Domain Adversarial Reinforcement Learning for Partial Domain Adaptation.

Jin Chen, Xinxiao Wu, Lixin Duan

    IEEE Transactions on Neural Networks and Learning Systems
    |October 16, 2020
    PubMed
    Summary
    This summary is machine-generated.

    This study introduces a domain adversarial reinforcement learning (DARL) framework for partial domain adaptation.
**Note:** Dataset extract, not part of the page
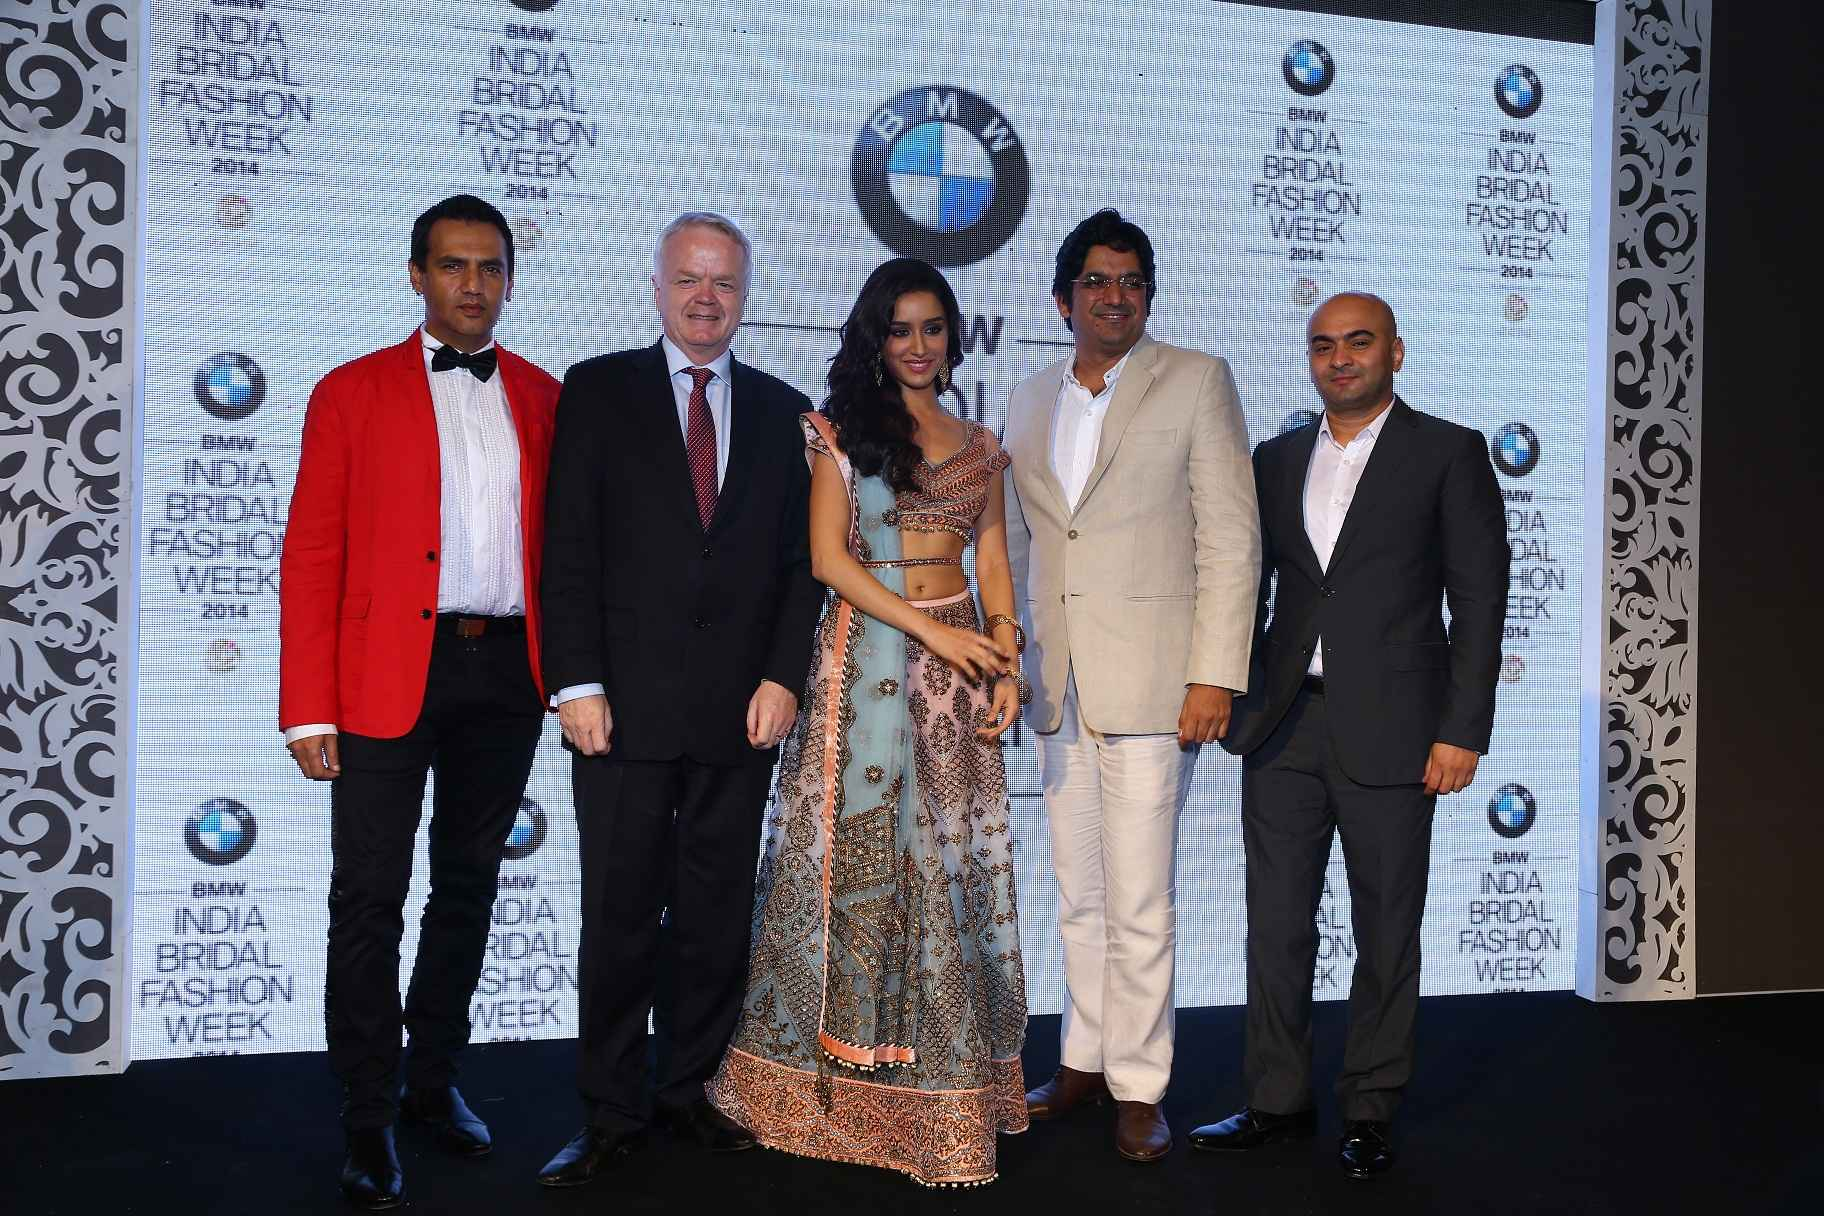 Marc Robinson, Philipp Von Sahr, President BMW Group, Shraddha Kapoor, Vipin Sharma,Director Jewellery World Gold Council, Vijay Singh Founder Fashion One Int seen at the press con of BMW IBFW in association with AZVA

DARL effectively selects source data to improve knowledge transfer to label-scarce target domains.

    Related Experiment Videos

    Last Updated: Dec 5, 2025

    Augmenting Large Language Models via Vector Embeddings to Improve Domain-Specific Responsiveness
    03:14

    Augmenting Large Language Models via Vector Embeddings to Improve Domain-Specific Responsiveness

    Published on: December 6, 2024

    881

    Area of Science:

    • Machine Learning
    • Artificial Intelligence
    • Computer Vision

    Background:

    • Partial domain adaptation addresses knowledge transfer when target domain categories are a subset of source categories.
    • A key challenge is selecting relevant source instances for positive knowledge transfer.
    • Existing methods struggle with effective source instance selection in this scenario.

    Purpose of the Study:

    • To propose a novel framework, domain adversarial reinforcement learning (DARL), for effective partial domain adaptation.
    • To address the challenge of source instance selection for improved knowledge transfer.
    • To reduce domain shift by learning transferable features.

    Main Methods:

    • Utilizes deep Q-learning to develop an agent for progressive source instance selection.
    • Employs domain adversarial learning to create a shared feature subspace for source and target domains.
    • Integrates domain adversarial learning into the agent's reward calculation for relevance assessment.

    Main Results:

    • The proposed DARL framework demonstrates superior performance compared to state-of-the-art methods.
    • Extensive experiments on benchmark datasets validate the effectiveness of the approach.
    • DARL successfully learns transferable features by reducing domain shift.

    Conclusions:

    • DARL offers a robust solution for partial domain adaptation by optimizing source instance selection.
    • The framework effectively bridges the domain gap, enhancing knowledge transfer.
    • This approach advances the field of domain adaptation for practical applications.